Unlike in the US, where due to regulation, drugmakers often launch a biomarker-informed precision cancer drug with a companion test to identify eligible patients, in Europe the availability of the drug and companion test is usually more disjointed. "There is a weak link between approval of medicines and the approval of biomarker tests, and this leads to a slow integration of new biomarkers in the standard of care," he explained.

However, even in the US, recent studies have shown suboptimal adoption of guidelines-backed biomarker tests for informing non-small cell lung cancer treatment. An evaluation of real-world data on more than 3,500 metastatic NSCLC patients who received first-line treatment at community practices in the US showed high testing rates for individual biomarkers, such as EGFR, BRAF, ALK, ROS1, and PD-L1, but less than 50 percent of patients were tested for all five biomarkers, and only 37 percent were tested on an NGS panel.

A second study presented at the ESMO Congress on Saturday drilled down into how breast cancer risk guidelines in several European countries differed when identifying high-risk women for surveillance. This prospective study involved 123 women without cancer who had a family history of breast or ovarian cancer and received NGS testing to identify mutations in breast cancer-associated genes including BRCA1/2, PALB2, CHEK2, and ATM.

The researchers, led by Anja Tüchler, a researcher at the Center for Familial Breast and Ovarian Cancer and Center for Integrated Oncology at the University Hospital of Cologne, calculated risk scores based on family history, genetic test result, polygenic risk score, and non-genetic risk factors. They then considered whether based on patients' calculated risk for breast cancer they would meet their countries' guidelines for intensive surveillance.

For example, Germany provides increased surveillance to women who have a 10-year breast cancer risk of 5 percent or more, while France's and Belgium's guidelines are based on a lifetime risk of 20 percent or greater. Using the guidelines in France and Belgium, 68 of 123 women were eligible for intensified breast surveillance, while 51 were eligible by Germany's guidelines.

"This is a remarkable difference," Tüchler said in her presentation. "We recommend harmonizing these guidelines so that a woman would not receive two different recommendations based on the country she lives in or the clinical genetics clinic she visits."

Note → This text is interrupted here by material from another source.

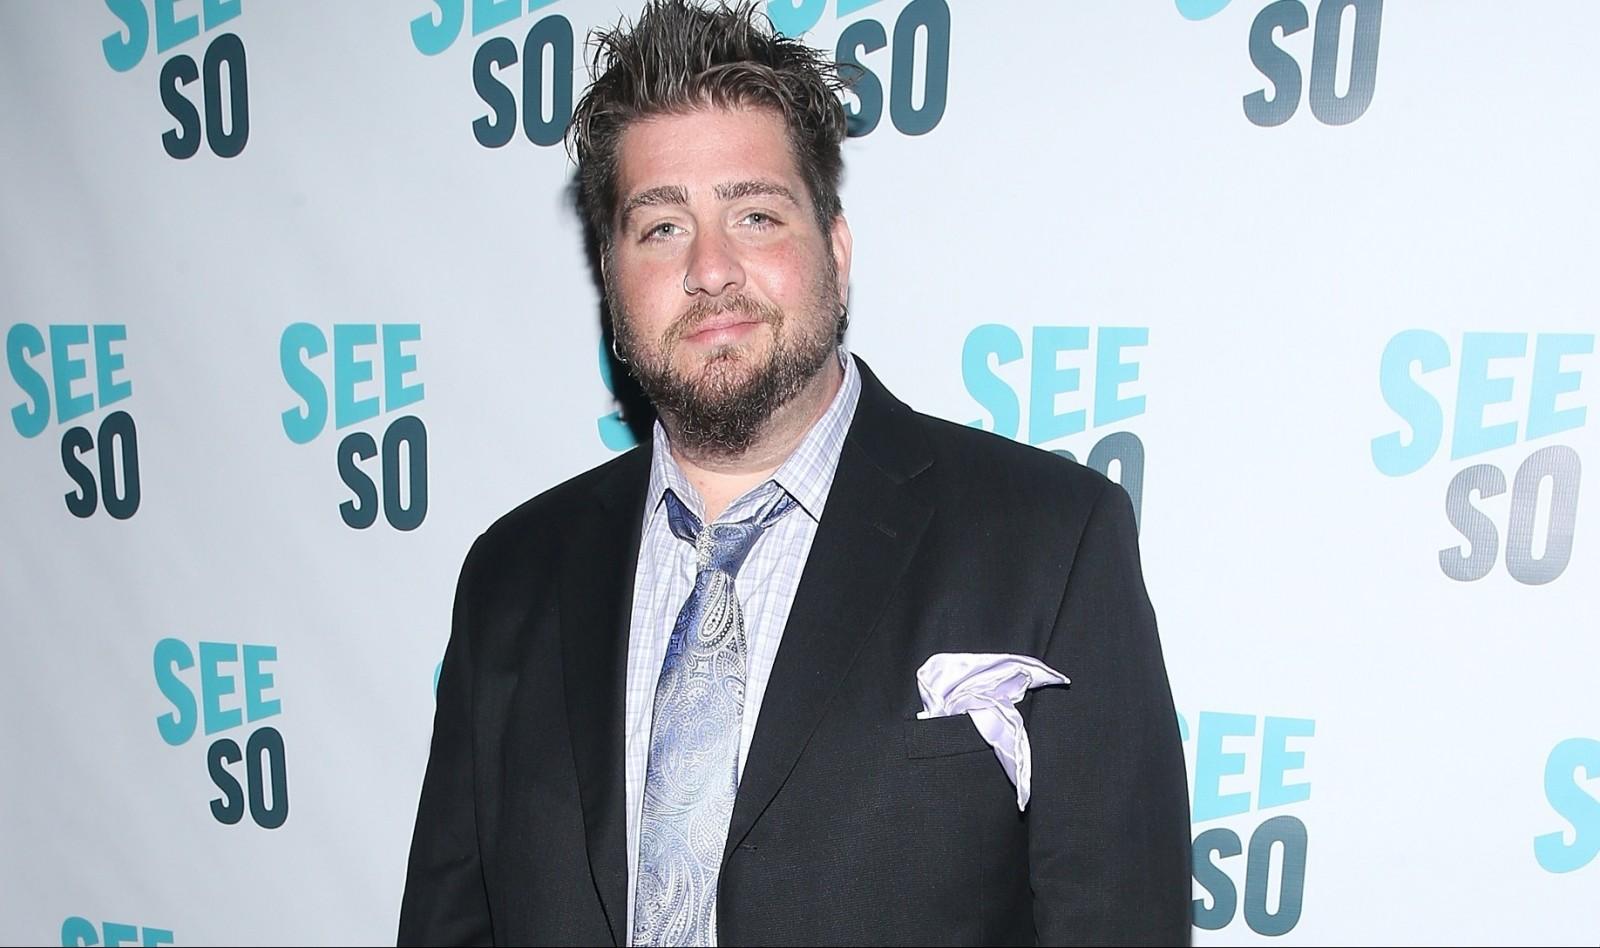 Jay Oakerson will perform at the Bear's Den in the Seneca Niagara Casino.

Normanno also encouraged more uniformity in terms of test usage and access in Europe based on his findings. The organizations that launched his study are continuing their initiative to make precision medicine access and genetic testing more uniform across the EU. The groups are holding national roundtable discussions to identify each country's needs and address challenges to drug and testing access.

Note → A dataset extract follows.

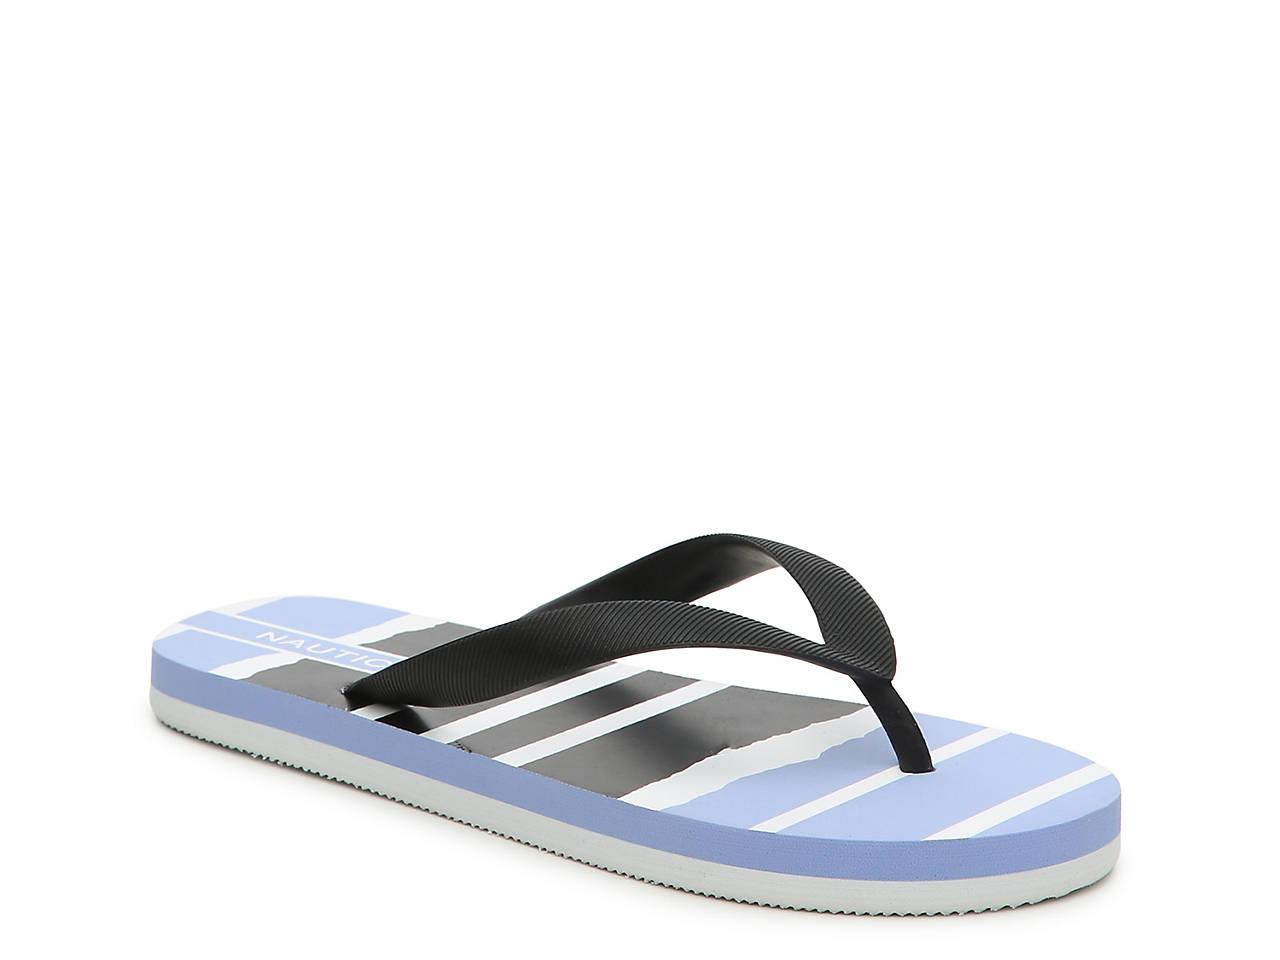 b1a8a05fdb1f Nautica Pintle Flip Flop Women s Shoes

"The vision for our group is that all patients with cancer should undergo comprehensive, ongoing tumor testing throughout the course of the disease," he said.

He suggested some short-term steps to improve precision treatment access that could include parallel approval for drugs and their associated biomarker tests, a national system assessing the value of biomarker testing, and a centralized data collection system.

More investment is needed from certain countries, particularly those in Eastern Europe, to build out their NGS testing capabilities, Normanno said, as well as establish regional centralized testing labs and maintain dedicated biomarker test budgets. He also hopes to launch a patient education effort, so patients know that these tests and drugs are available to them.

He encouraged more labs to participate in quality assessment programs, which are not mandatory in most EU countries. He suggested that EU member countries make quality programs mandatory for labs and provide them with funding to participate in quality assessment programs.

"We have two pillars that are equally important: We have access to drugs, and we need the access to biomarker testing," Normanno said. "If we don't act on both, we will get to a paradoxical situation in which we have drugs, but we don't have the biomarker test to identify the patient that can benefit from these drugs."